I agree. I was pro SEID and hounded off a group for "betraying PwME", despite being bedridden with classic ME and just wanting to shift away from the CFS mess. It was a missed opportunity that I don't understand in the uk, it's not like we are winning the ME for name battle or even trying to. Even today there's bitter accusation against Jen brea and Solve for NOT condemning IOM & SEID. SEID was created to take us away from fatigue onto PEM & supposed to just be temporary

However I'm never in favour generally of broader umbrellas. Yes we can group as recognised conditions in the way Parkinson's and MS do but as someone severe I very much feel that the concern to make sure the fatigued had a label and care has been of great detriment to the severe who get totally marginalised. Even today , the focus is on fatigue, yet ME has the potential to be utterly devastating with disability not even recognised.

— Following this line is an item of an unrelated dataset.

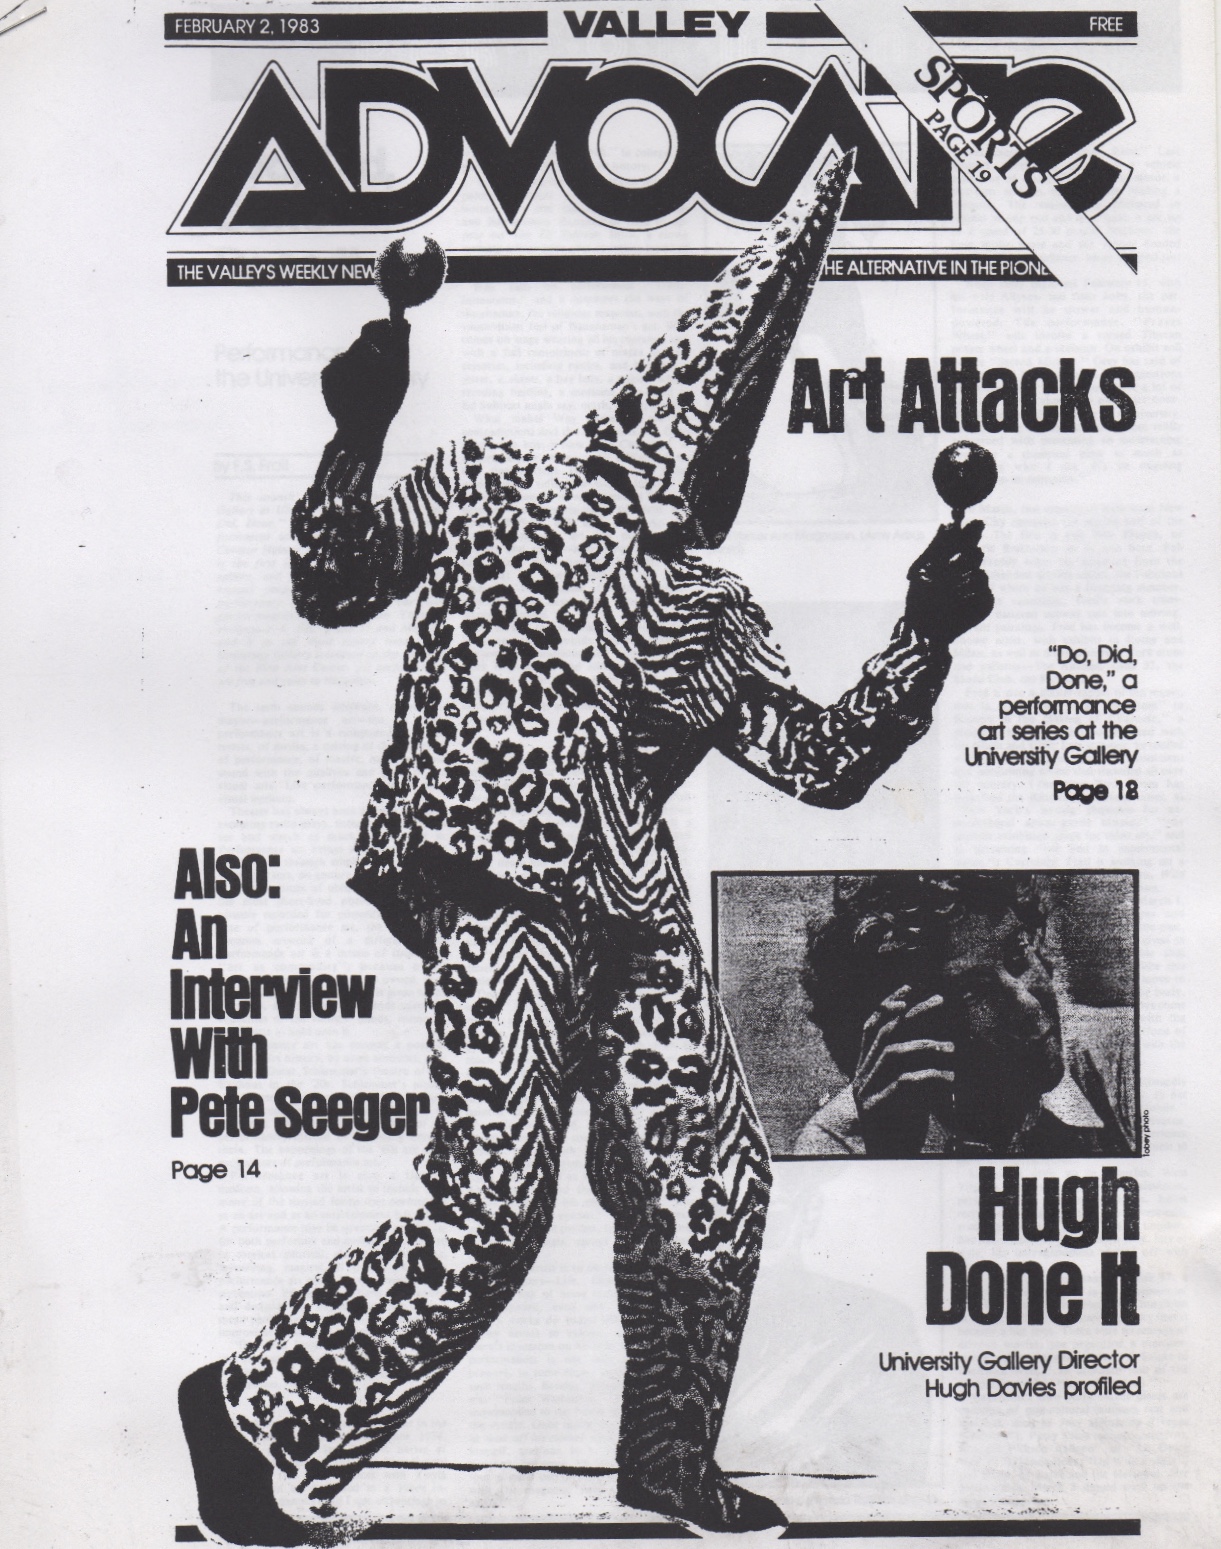 Do, Did, Done, Does It, F.S. Frail, Village Advocate, 1983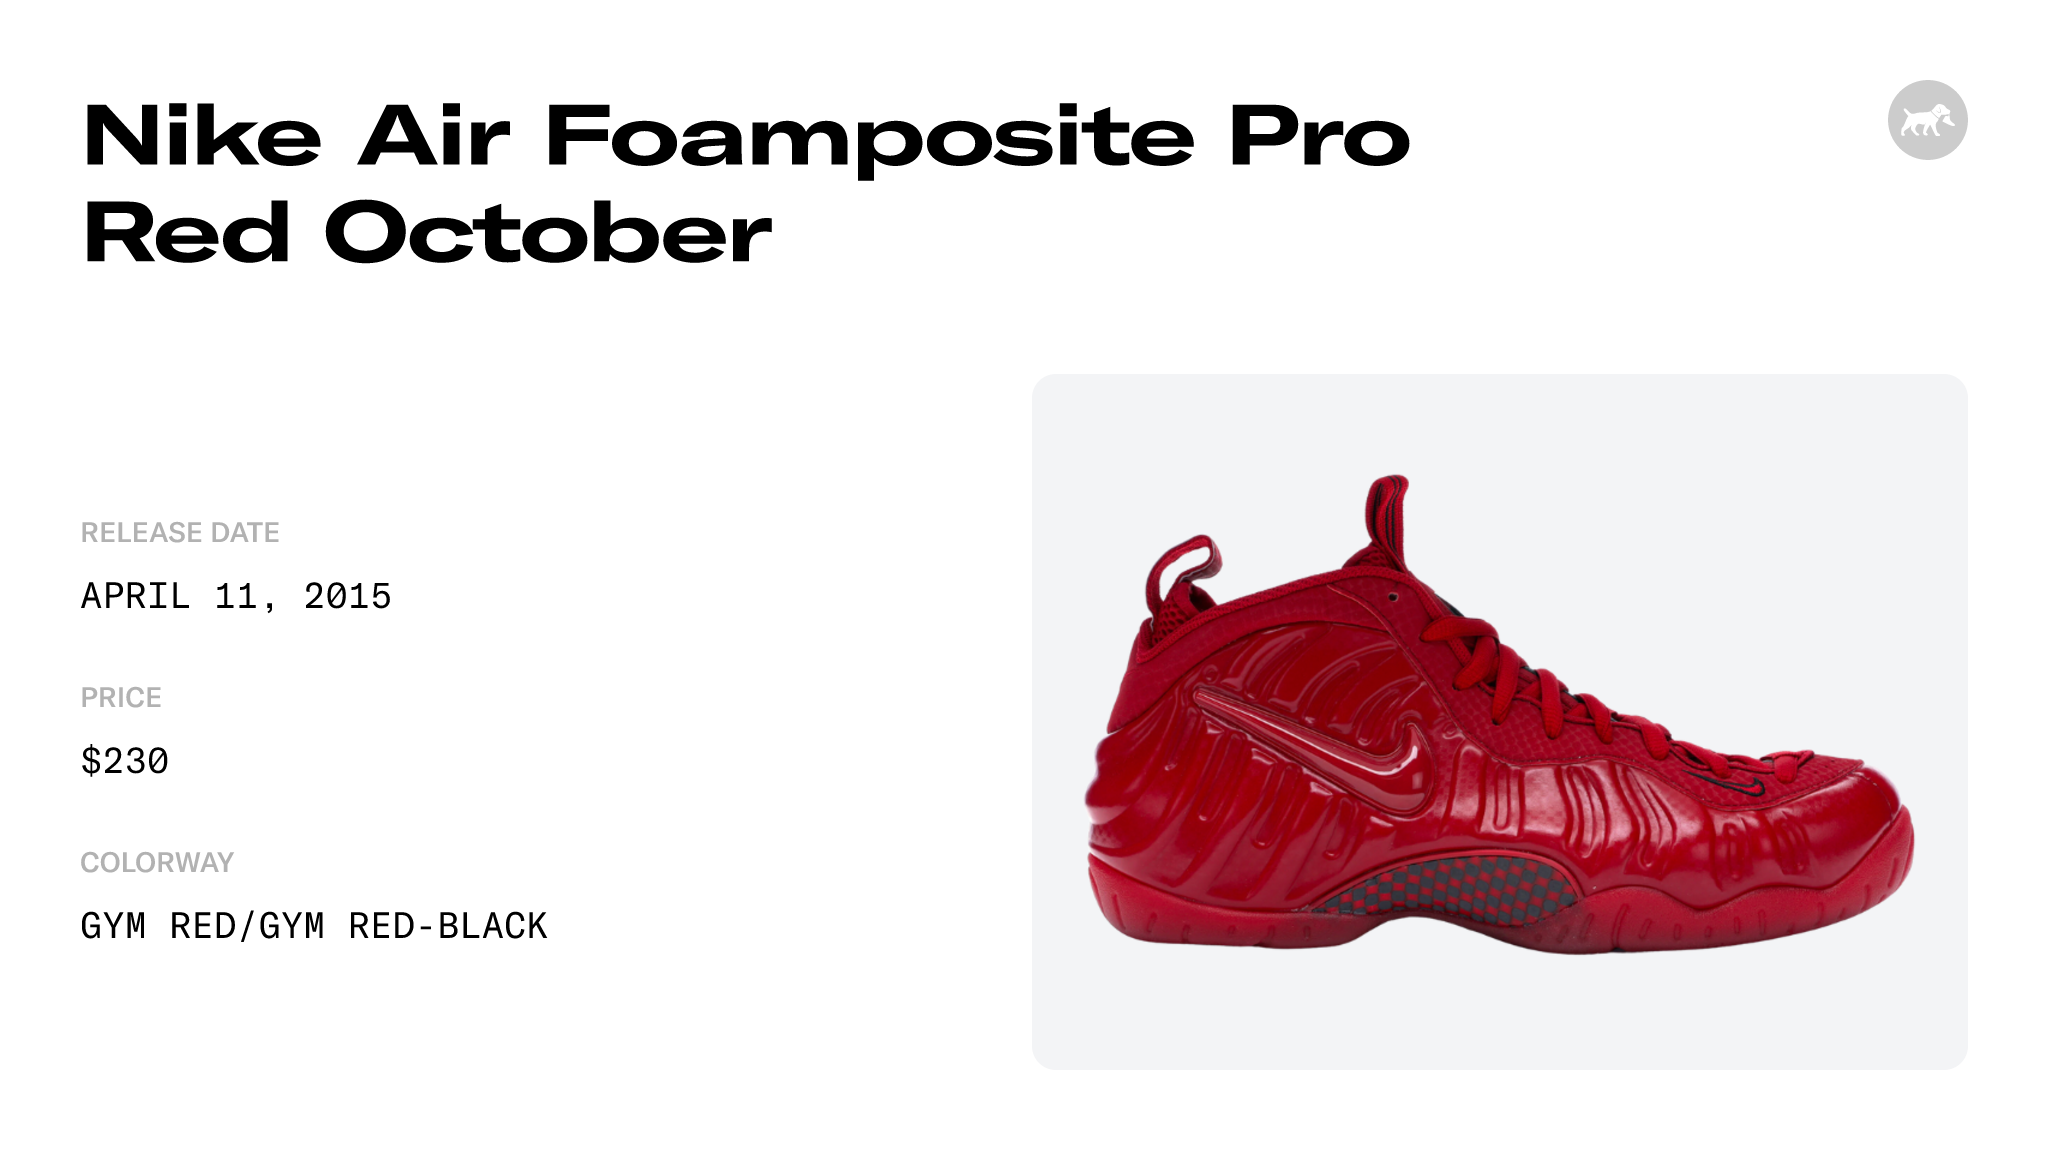 Nike Air Foamposite Pro Red October - 624041-603 Raffles and Release Date

And what does the research be about, the lowest common denominator of that umbrella - fatigue and way to "manage" it. I don't want to abandons the MUF to the psychologists but trying to carry them with us to save them just sinks us AFAIC , it just dilutes our core message of complex, systemic disease typified by abnormal response to exertion. We can fight for ourselves as well as discredit the psychologisation of the medically unexplained, there might be overlaps too but we need to carve out a recognisable illness.